## Your instructions
The required output is the lines from the one with "Tennis vest having knit-in ball pockets" through the end of the data, repeated verbatim, with no pictures included.

## Dataset content
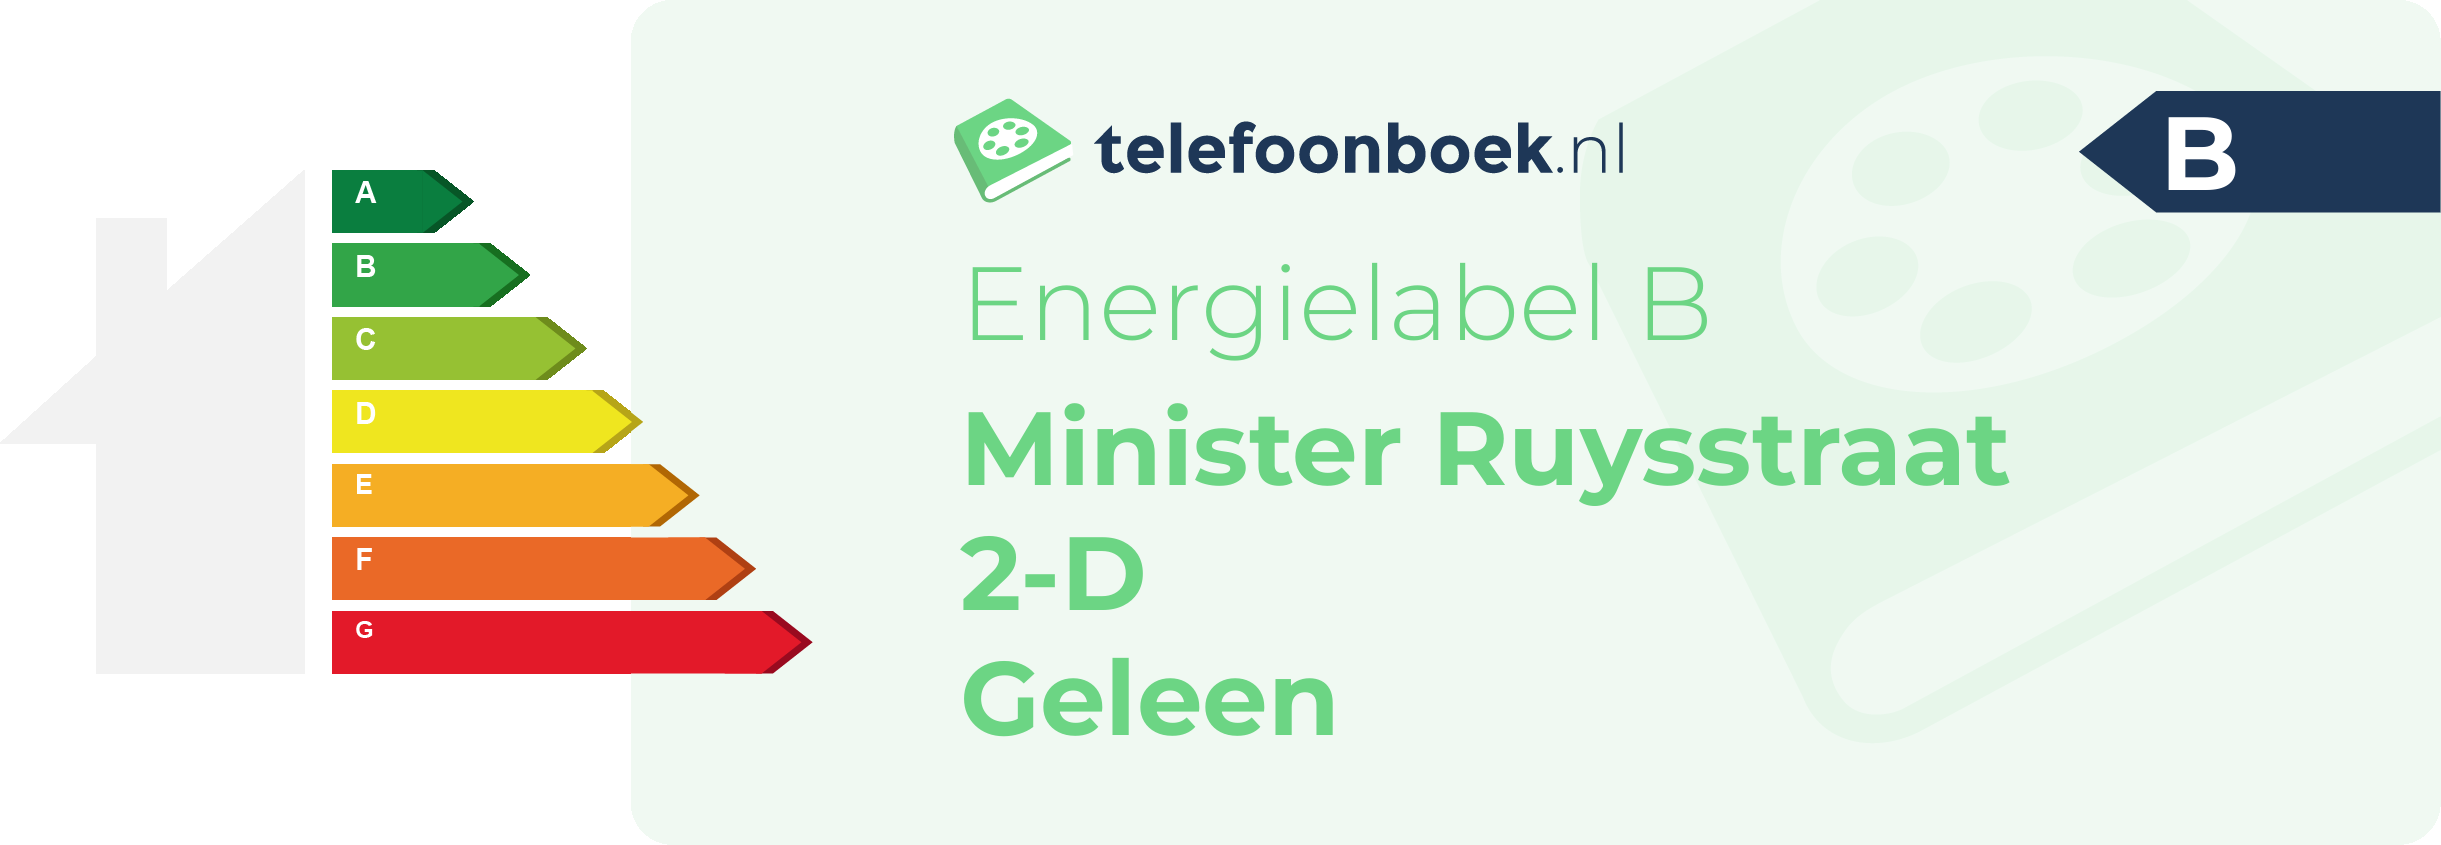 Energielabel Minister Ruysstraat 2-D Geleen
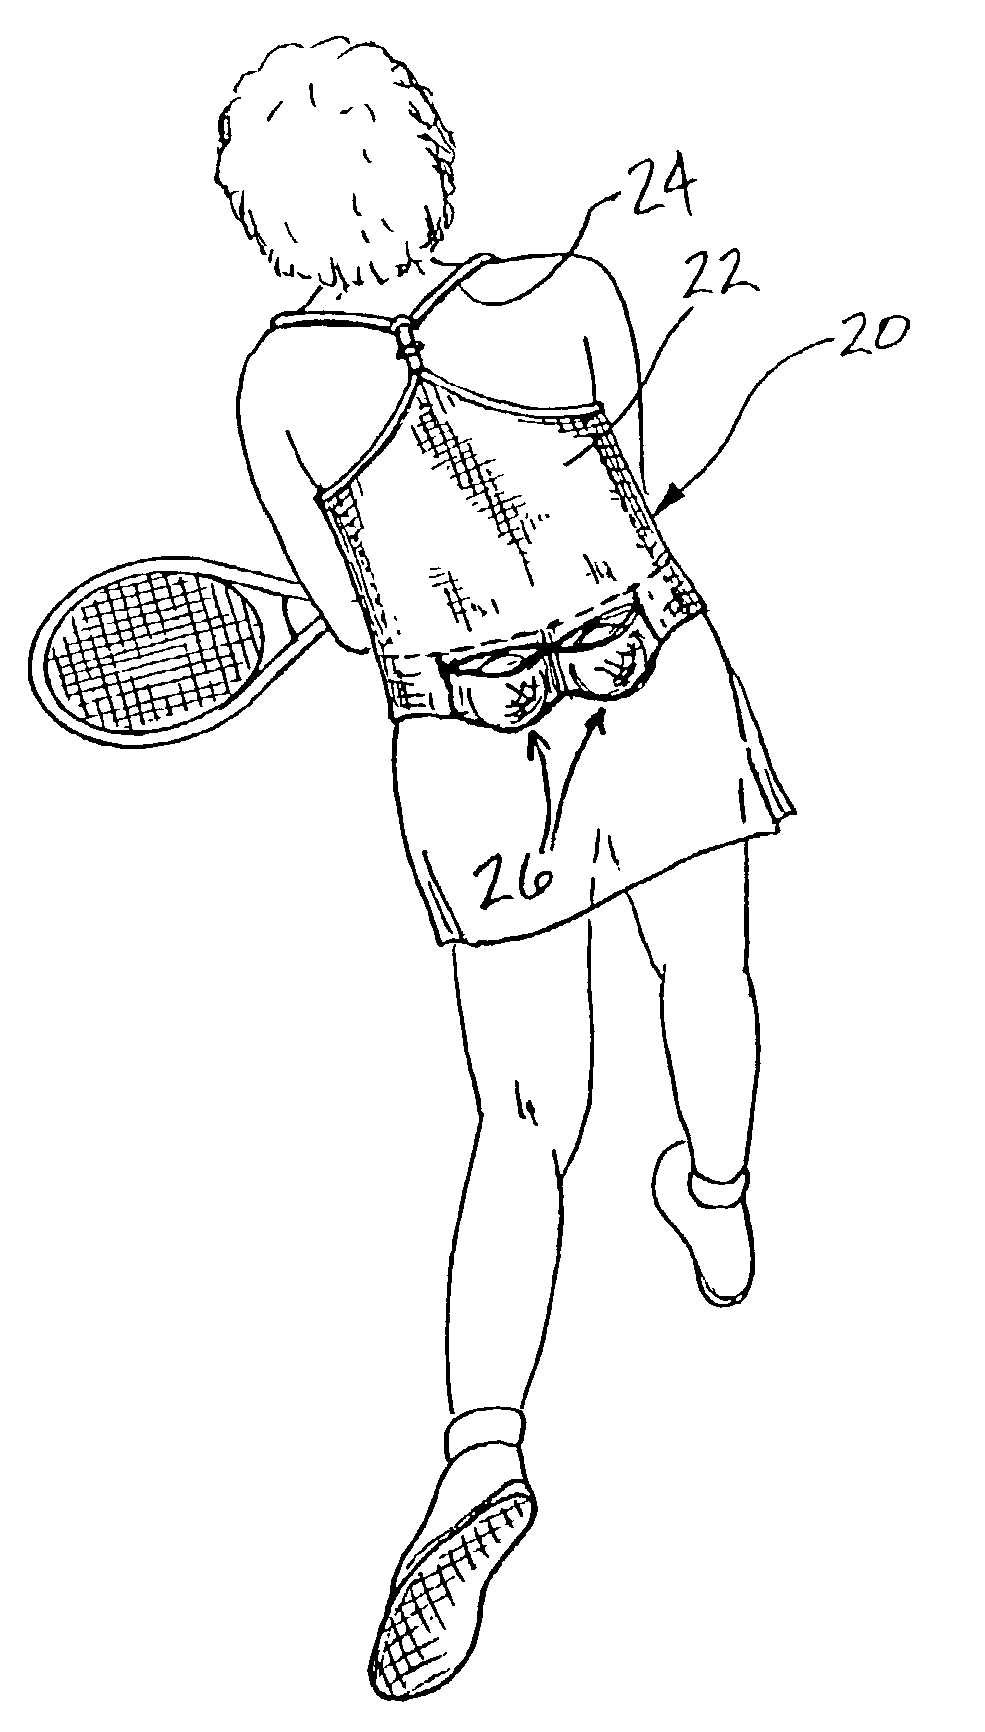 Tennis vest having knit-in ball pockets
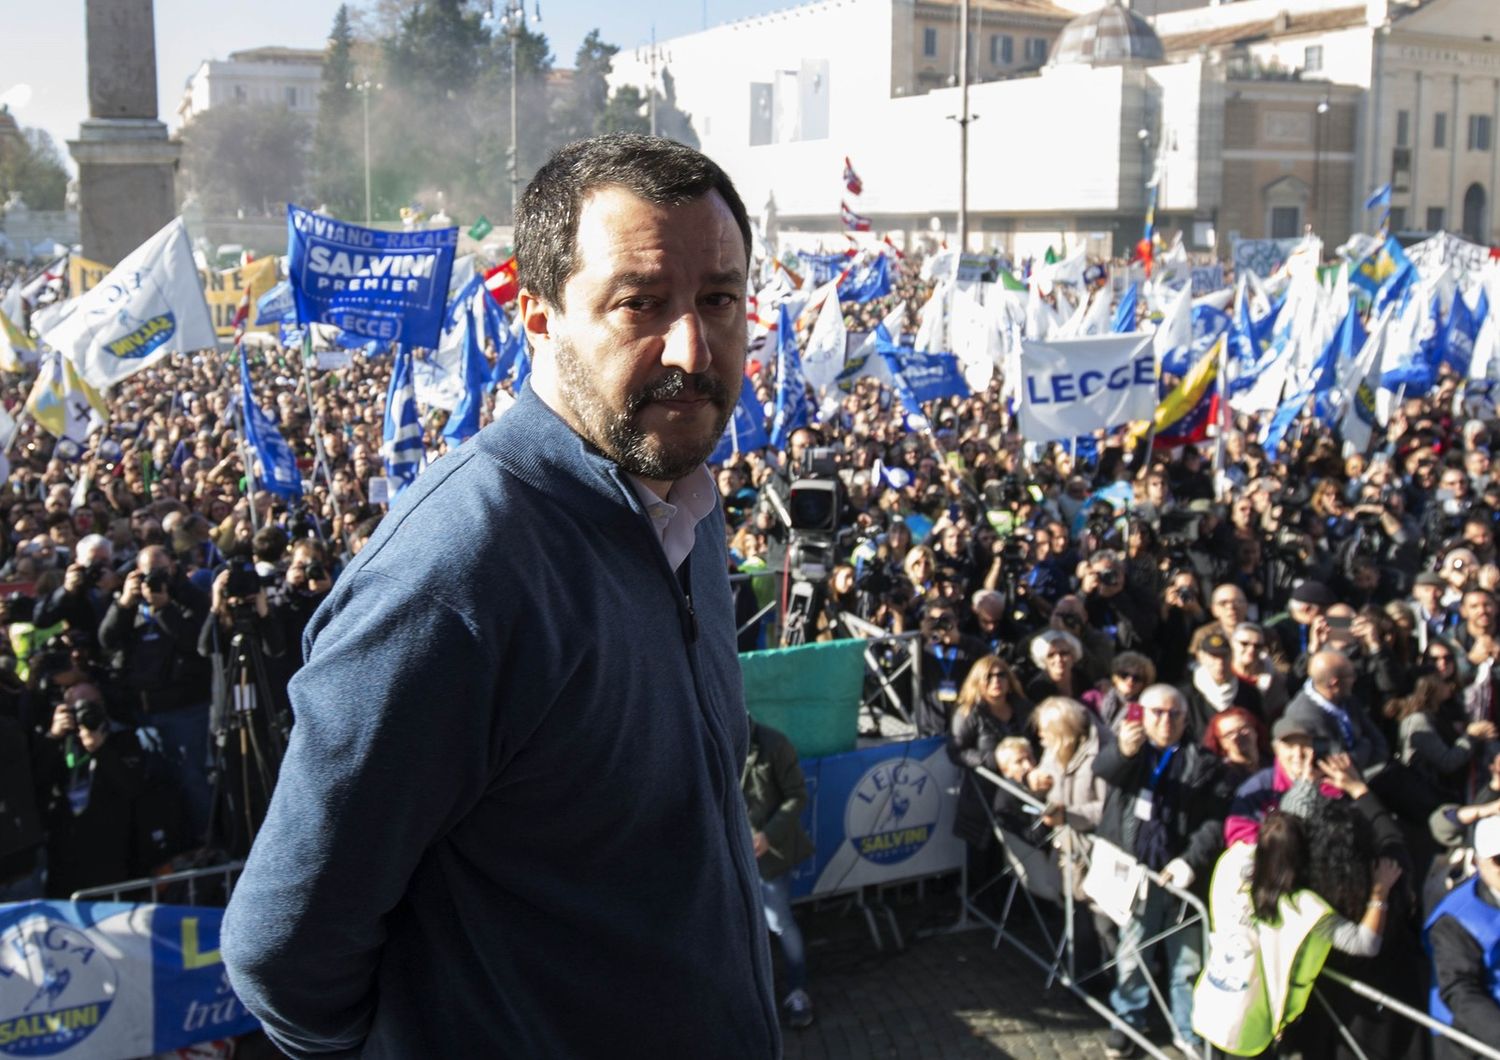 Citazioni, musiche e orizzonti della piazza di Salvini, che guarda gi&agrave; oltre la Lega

## Answer section
 Tennis vest having knit-in ball pockets
 Citazioni, musiche e orizzonti della piazza di Salvini, che guarda gi&agrave; oltre la Lega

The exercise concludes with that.